The goddess Persephone had been raped by Pluto, lord of the underworld.
It had all happened in the ancient days of the gods, he knew; and Timoleon, the Greek philosopher at whose feet he had studied these last three years, had explained to him once that the myth was, in fact, an allegory of the union of the elements in a single godhead.
But through the gold fog that seemed to surround him, he thought for a time that he lay in the grasses of an ancient Greek meadow, the scent of flowers thick in his throat. He saw the coming of the death-god, the girl taken by surprise; saw the white struggling body in the reeds beside the stream, and the brown hands of that inexorable assailant gripping at the girl’s clenched, protesting thighs. He struggled toward them, trying to call out, but his body felt heavy, as though he were half-asleep or very, very drunk. He saw the girl’s mouth part in a scream, stretching wider and wider; and turning, looked into the horror-stricken eyes of Demeter, Persephone’s goddess mother.
Through the foggy blurring of his senses he thought he heard the philosopher Timoleon’s voice as he lectured. “What we have here is not the disgraceful behavior of God toward God—for how can there be violence of one element of the Godhead toward another?—but an allegorical figure of life and death as united emanations of the One. Earth, and the commonplaces of human affairs, are here represented by the goddess Demeter, whom we may take to understand... ” The voice seemed to fade, to change into other voices.

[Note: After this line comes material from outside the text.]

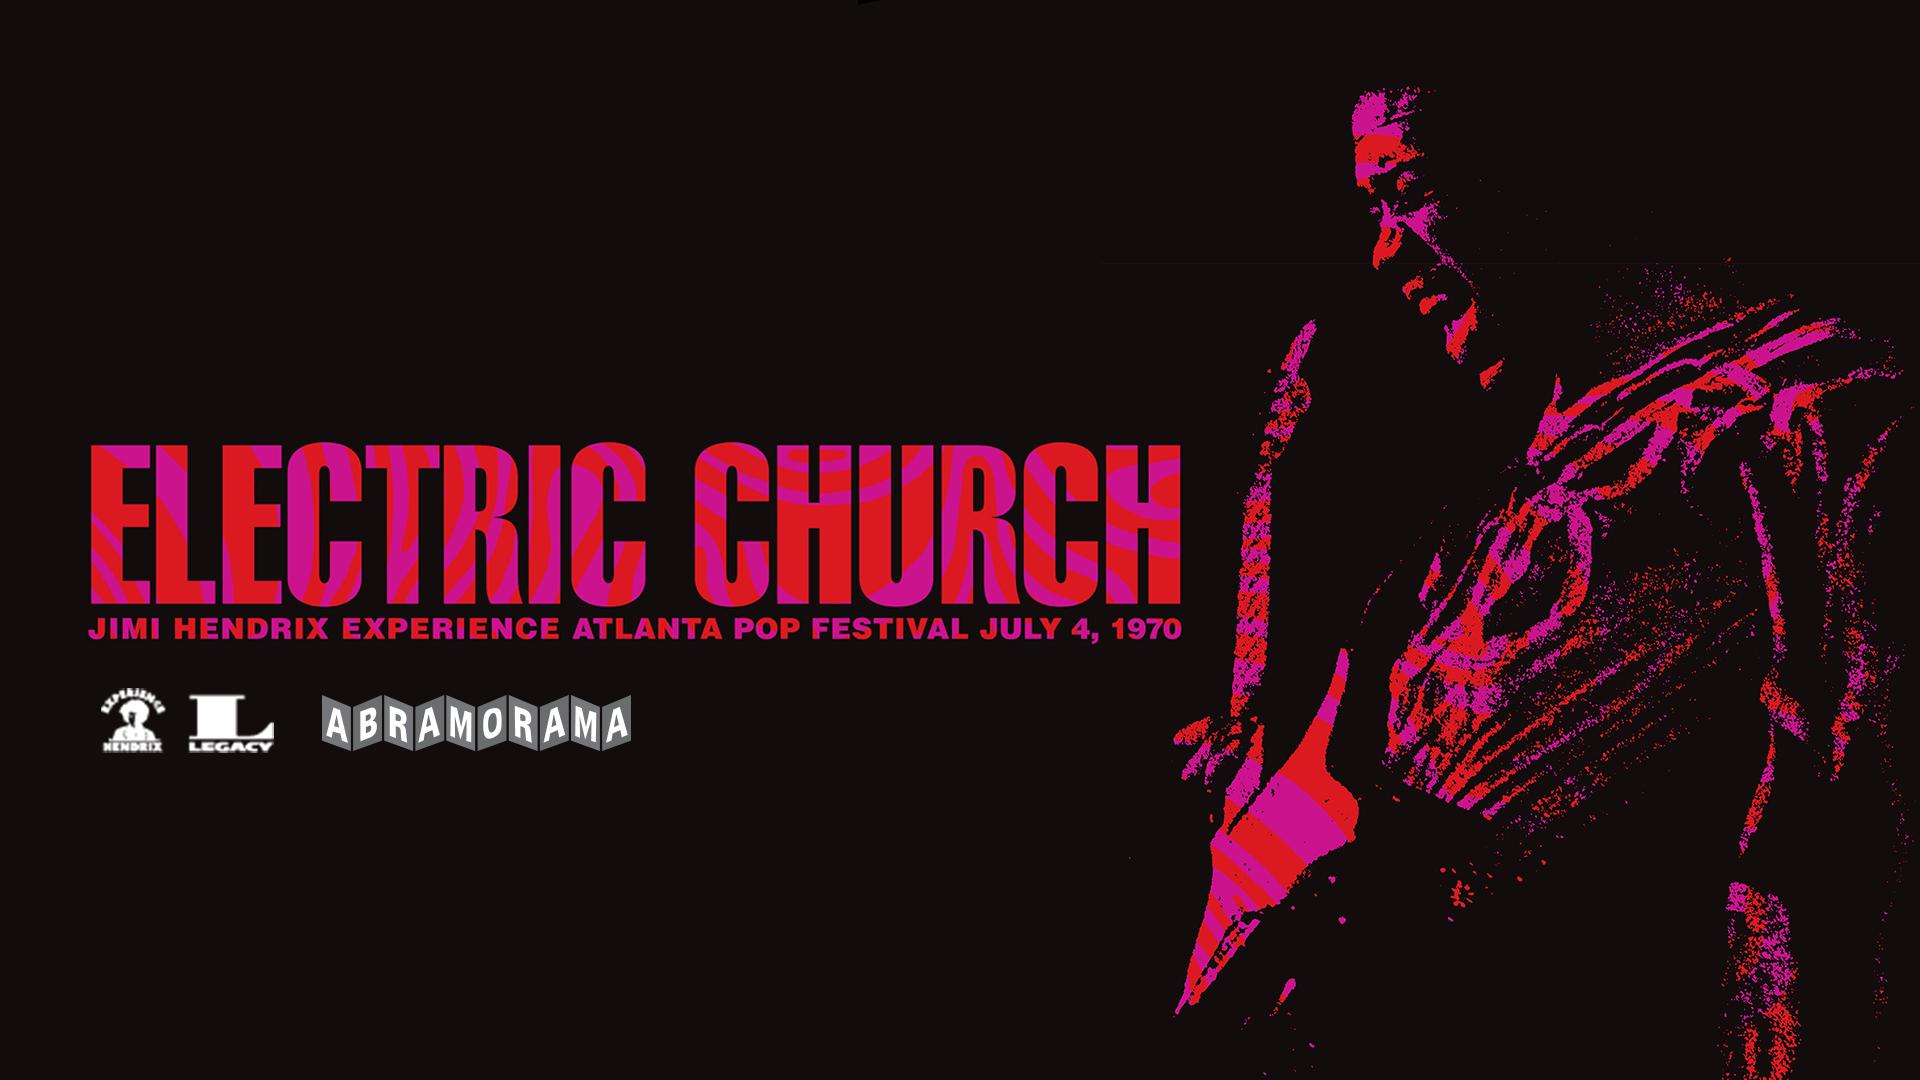 Electric Church: Jimi Hendrix Experience Atlanta Pop Festival 1970 in Springfield, MO

Marcus thought groggily, No, it isn’t that! No measure—no godhead. Only the rape of innocence, blind and random injustice, the thrashing pale reeds whitening to a froth of torn white silk, the bronze lilies tangling in the helpless girl’s hair. All the philosophy in the world will never reconcile me to that.
“My dear boy... ” Something shockingly cold against the side of his head made him flinch, and blinking, he saw Pluto’s face melt into the square, anxious countenance of Priscus Quindarvis as the big man bent over him, a dripping rag in his hand. “Are you all right?”
The bright haze of the dream blurred the features, and the lights stabbed at his eyes, so that he twisted his head aside to escape burning.
“It’s the lamp,” said another voice—Nicanor, he identified it, Varus’ Greek physician slave. The dazzling glare shifted.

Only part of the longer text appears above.